[[ PROVIDED MATERIAL open ]]

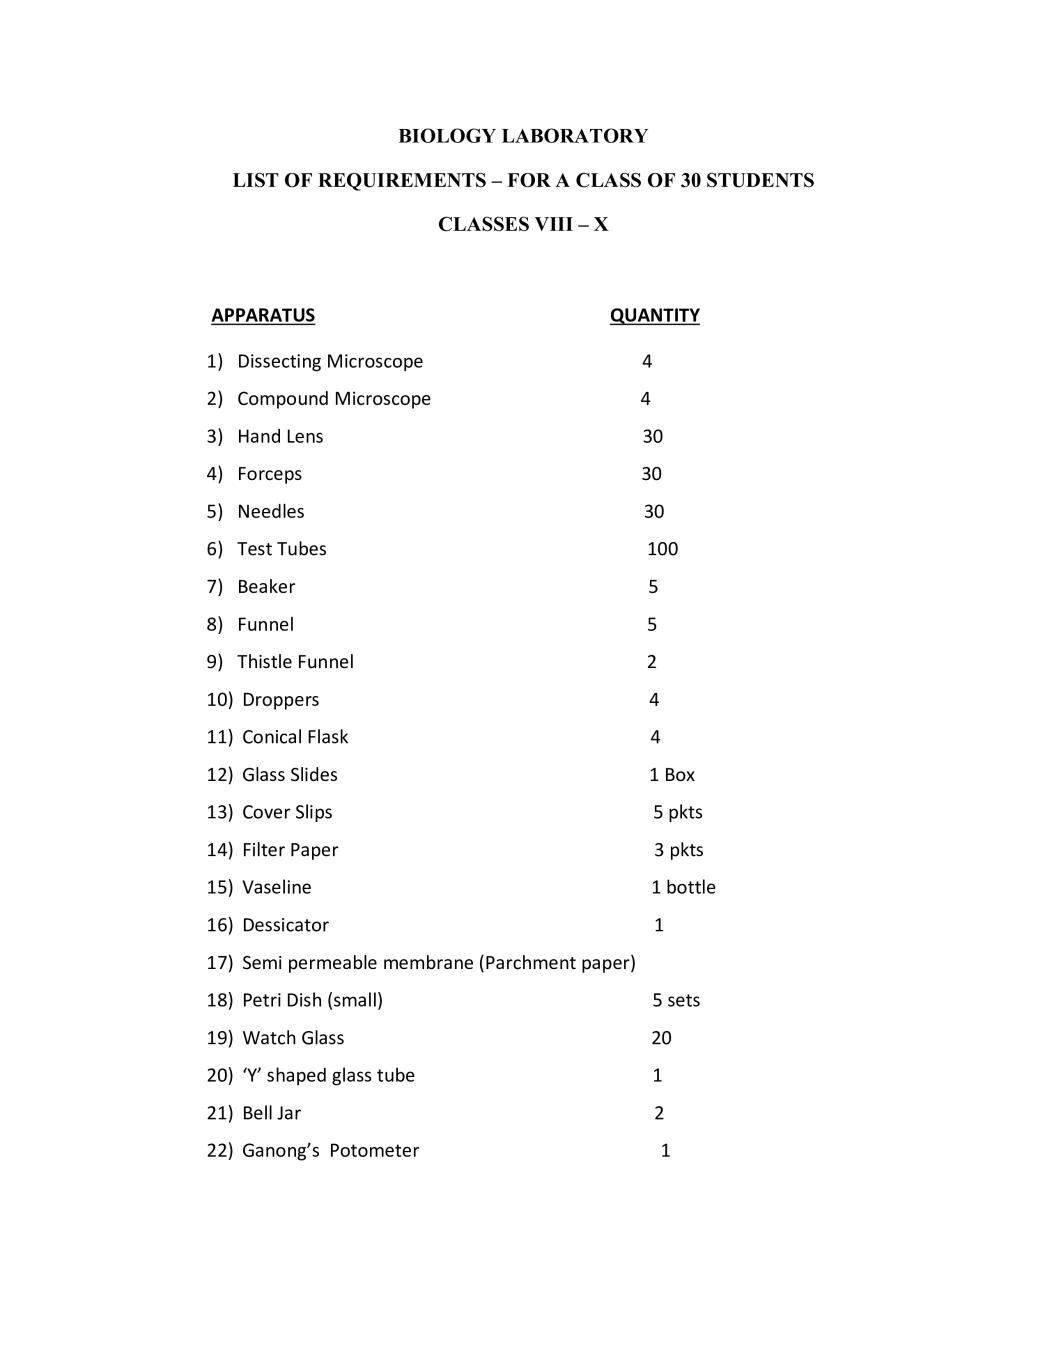 ICSE Biology Lab Manual for Class 8, 9, 10 - Page 1
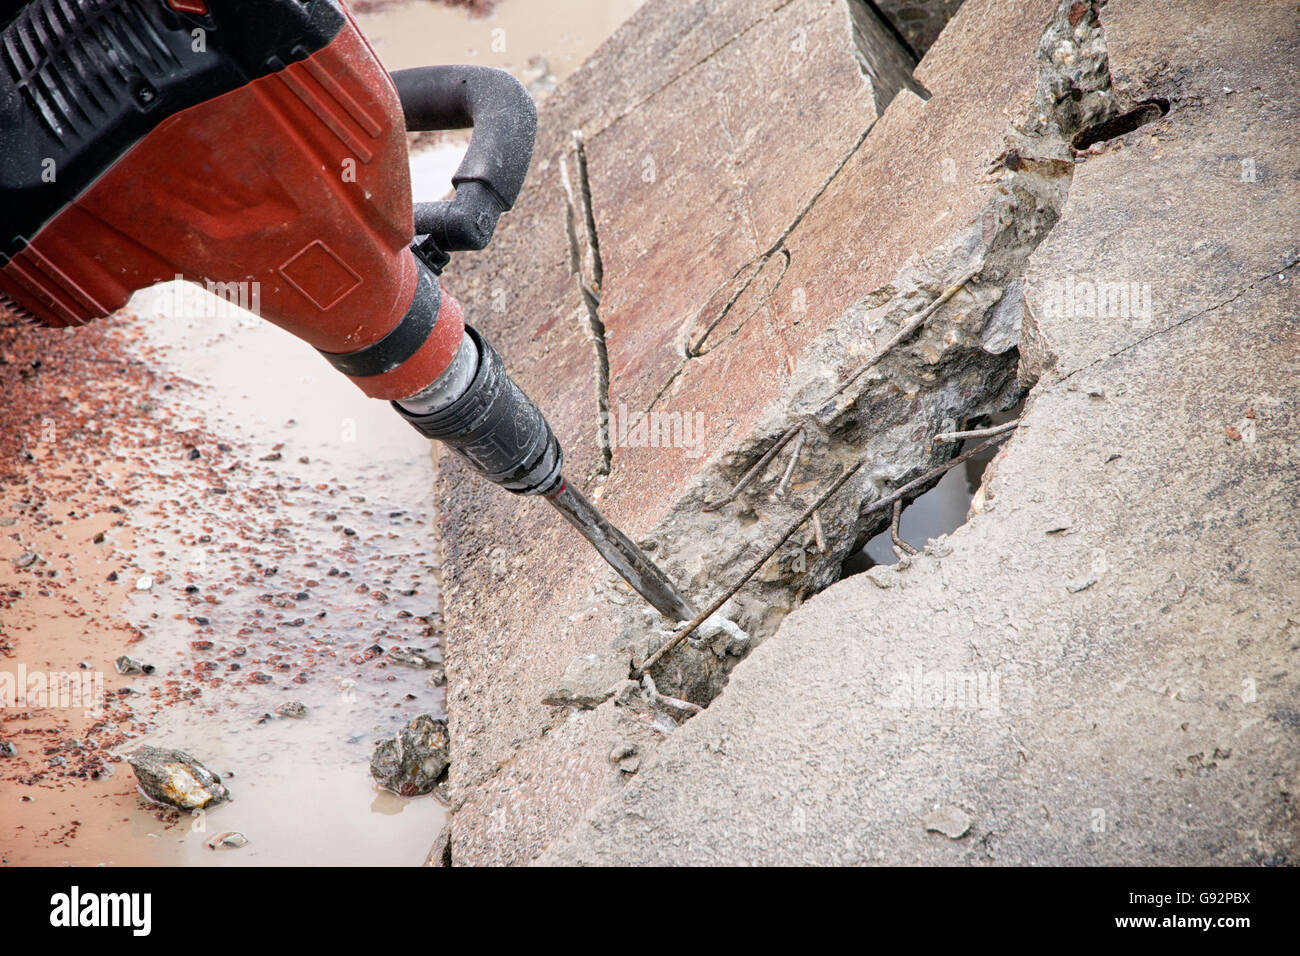 Construction tool, the jackhammer with demolition debris Stock Photo
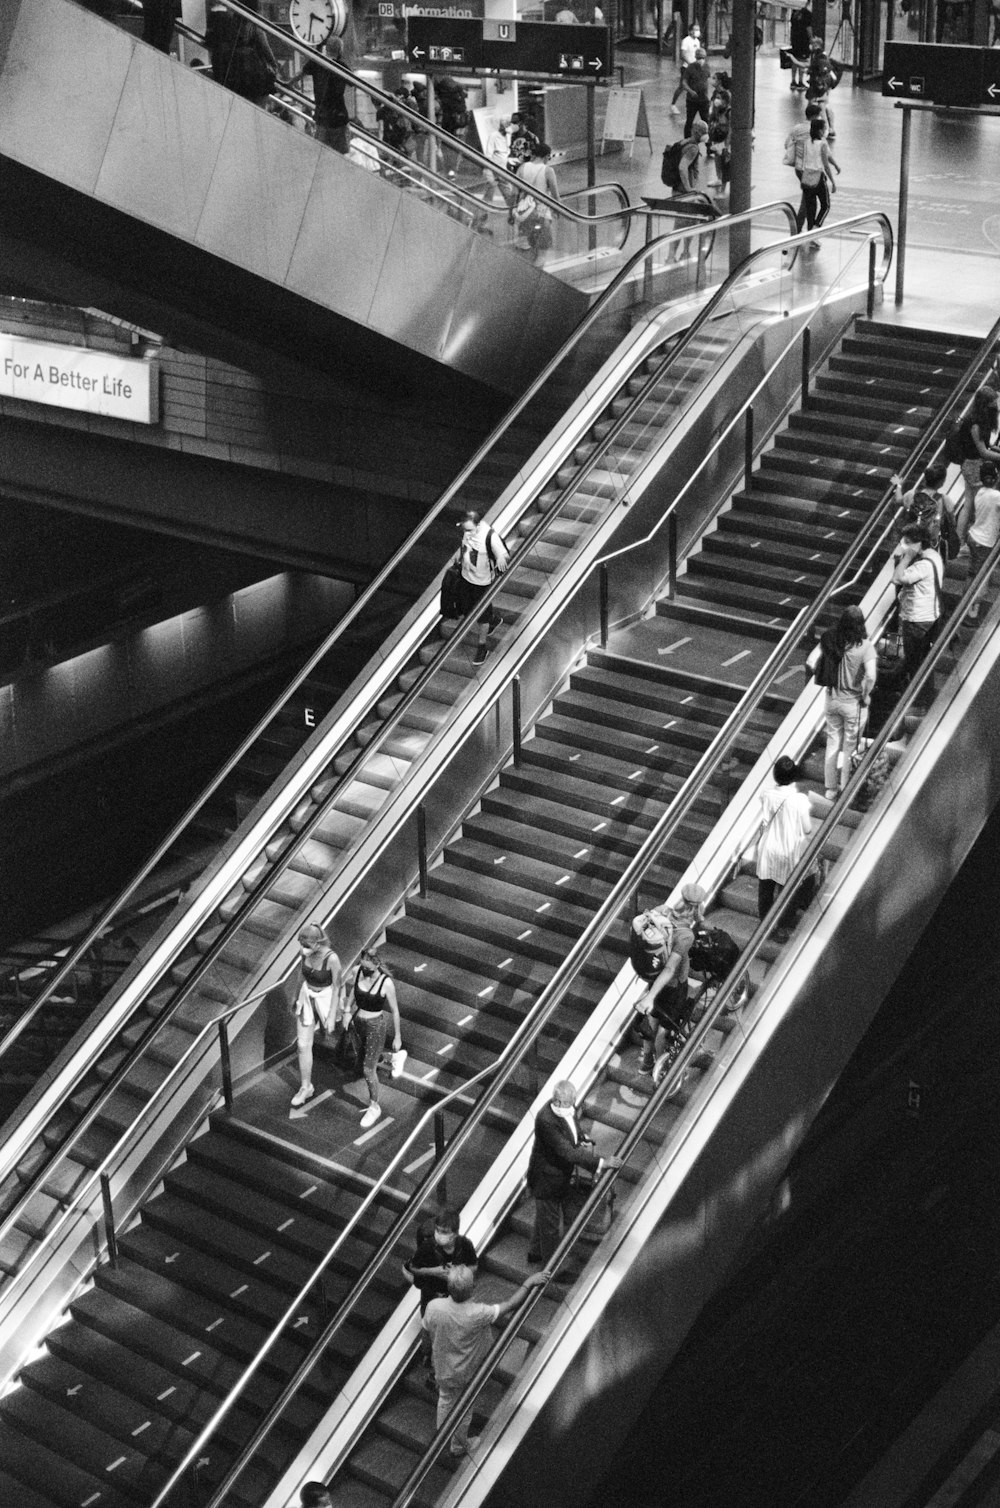 a black and white photo of people on an escalator
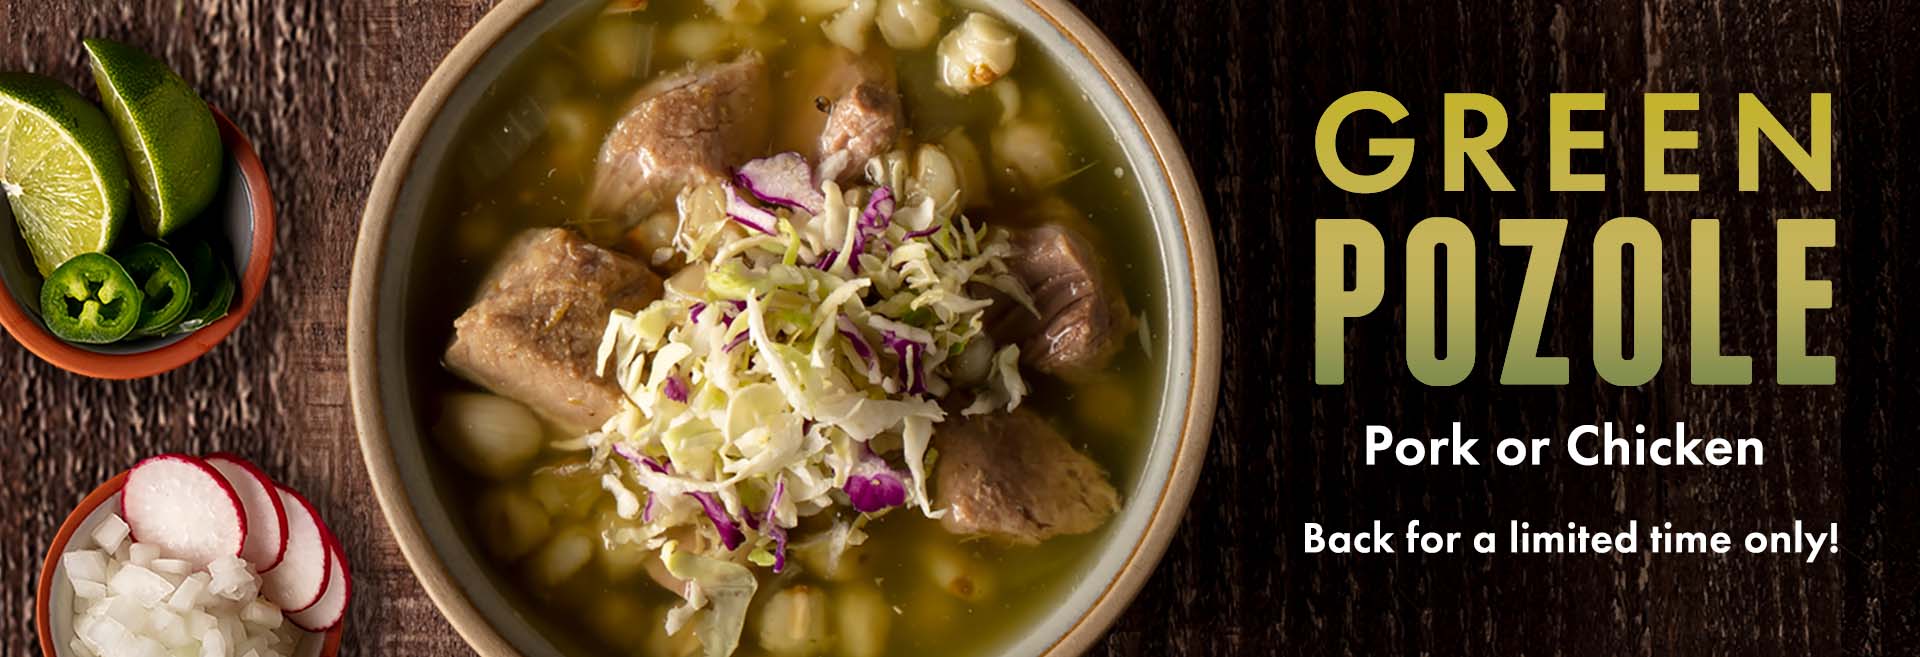 Pozole, Comfort Food You Crave, from Miguel's Restaurant
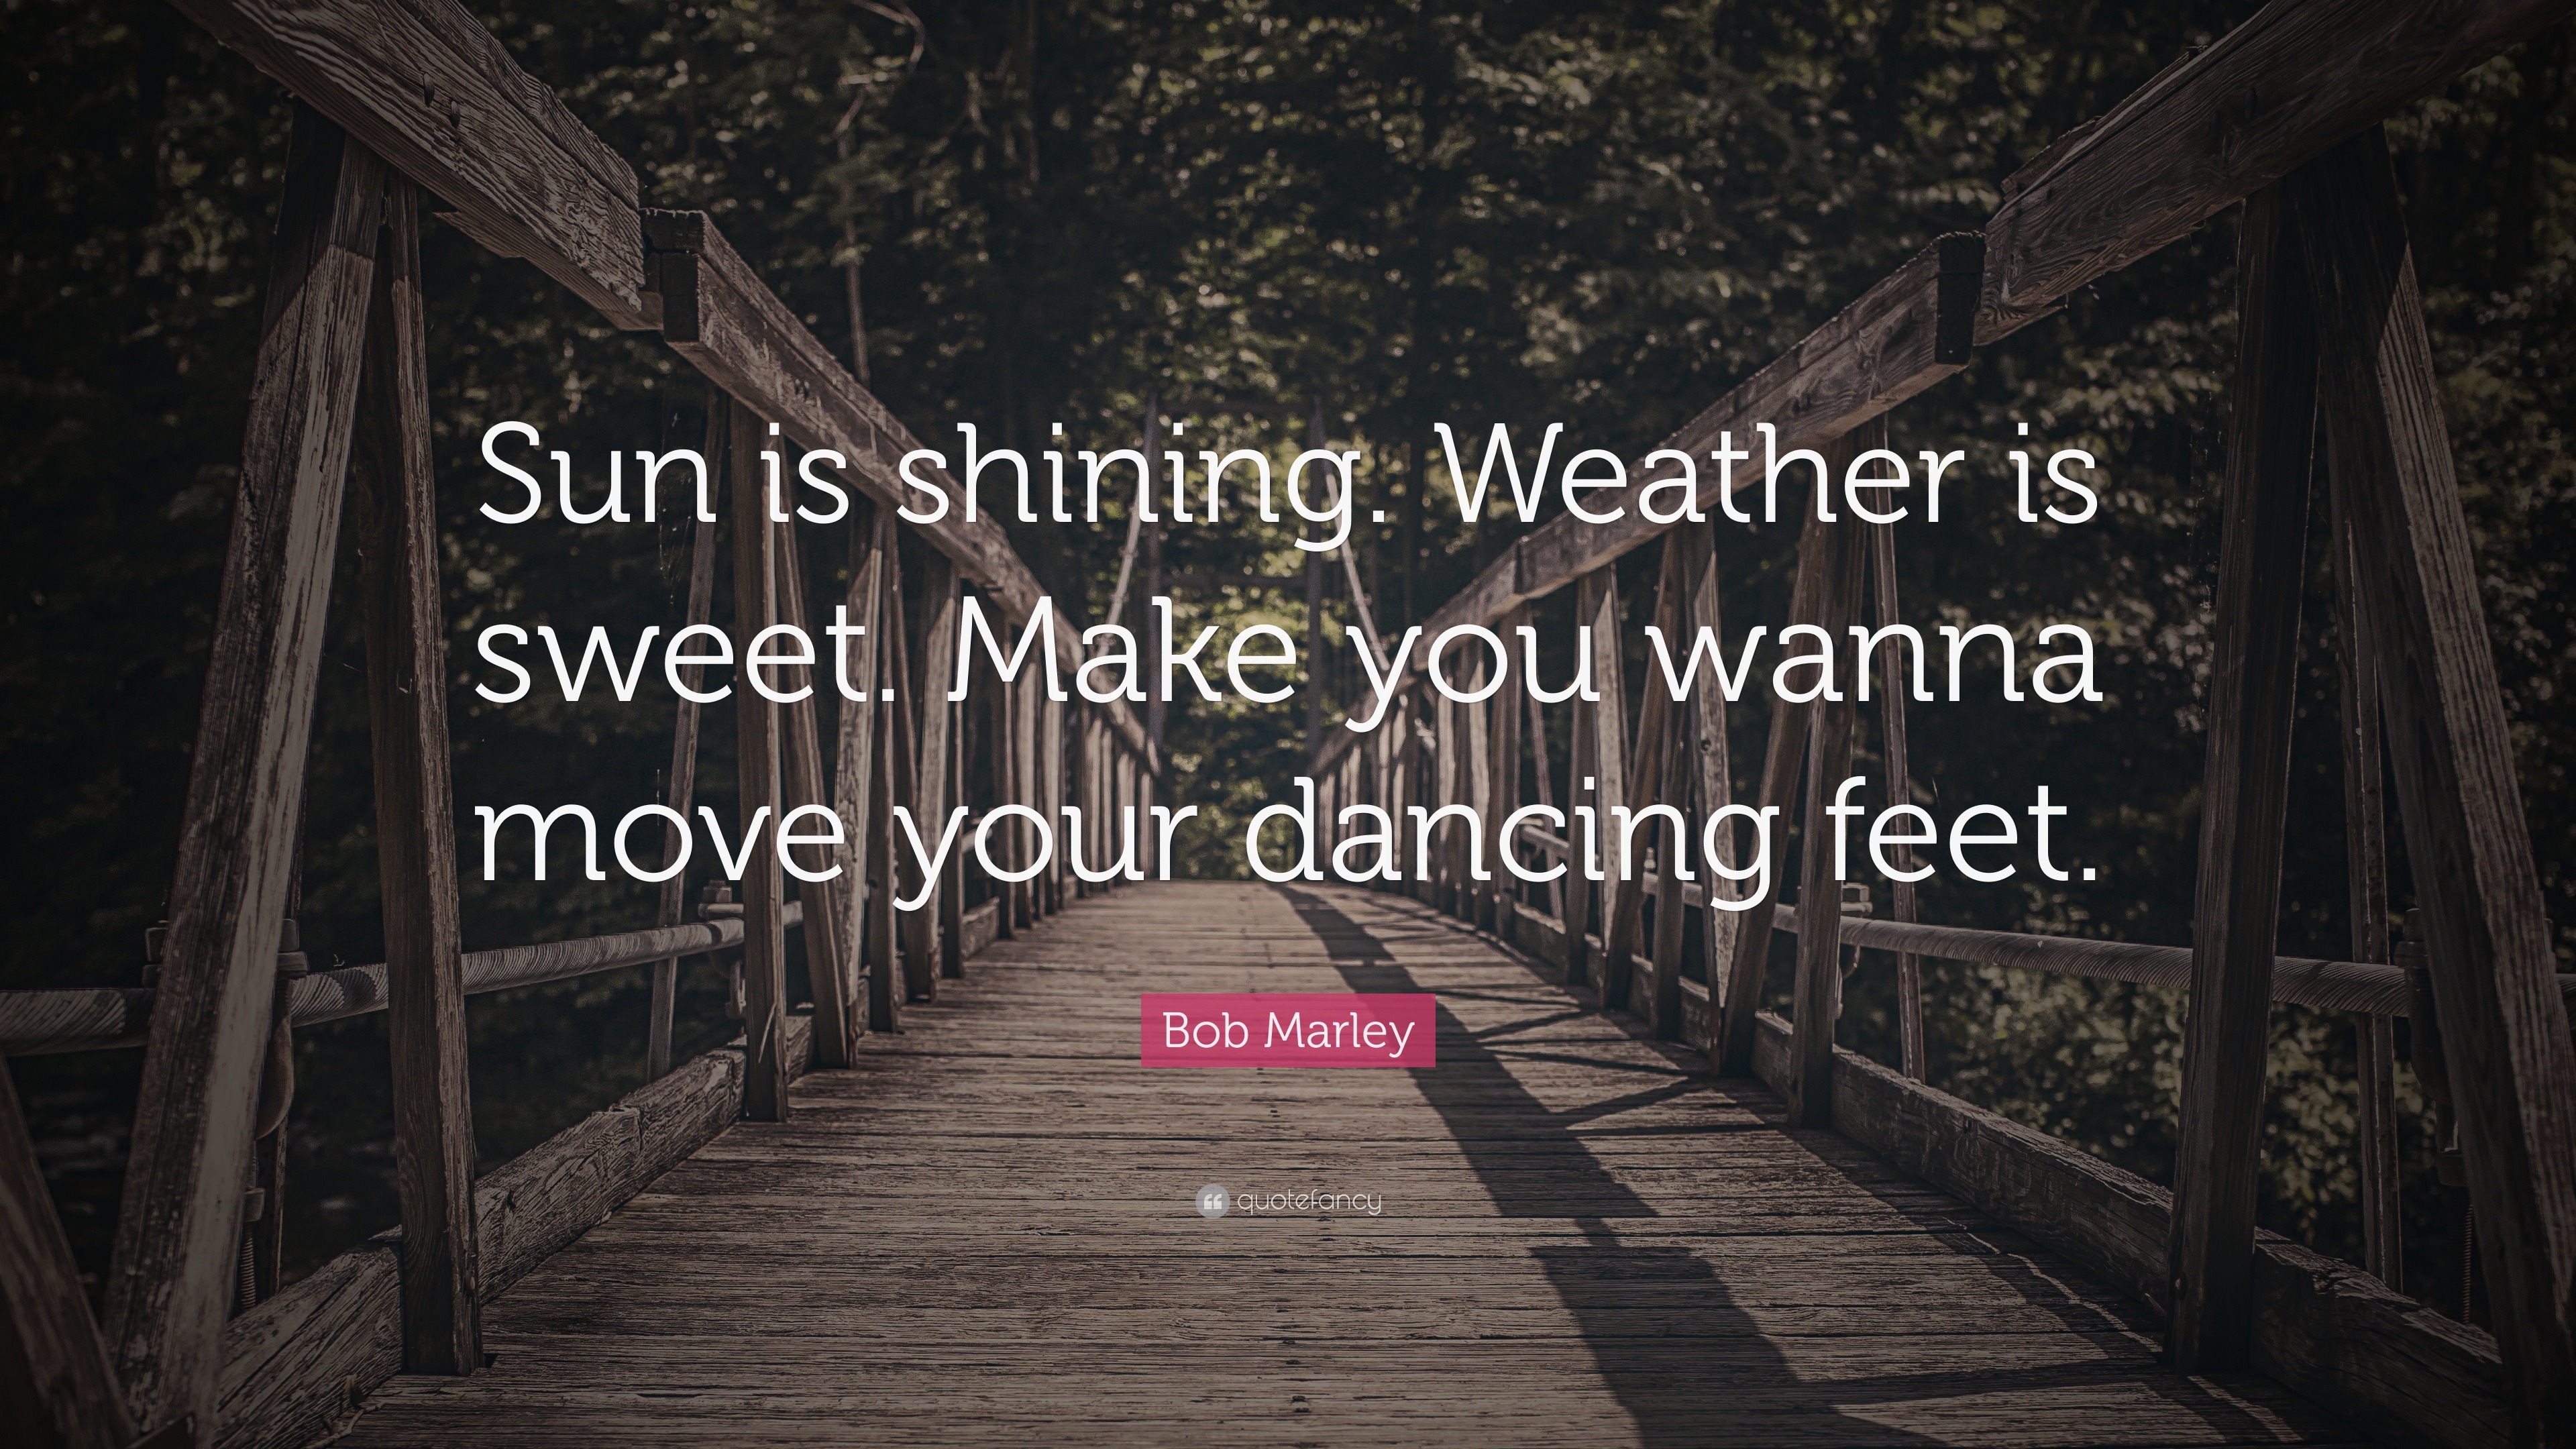 Sun Is Shining Lyrics by Bob Marley Sun is shining, the weather is sweet//  Make you want to move your dancing fee…

[[ PROVIDED MATERIAL closed ]]

- **WORK REQUIRED**: Give back word for word the lines from the one containing "Pozole, Comfort Food" through the final line of the data above. Pictures are to be left out.

- **SOLUTION**:
 Pozole, Comfort Food You Crave, from Miguel's Restaurant
 Sun Is Shining Lyrics by Bob Marley Sun is shining, the weather is sweet//  Make you want to move your dancing fee…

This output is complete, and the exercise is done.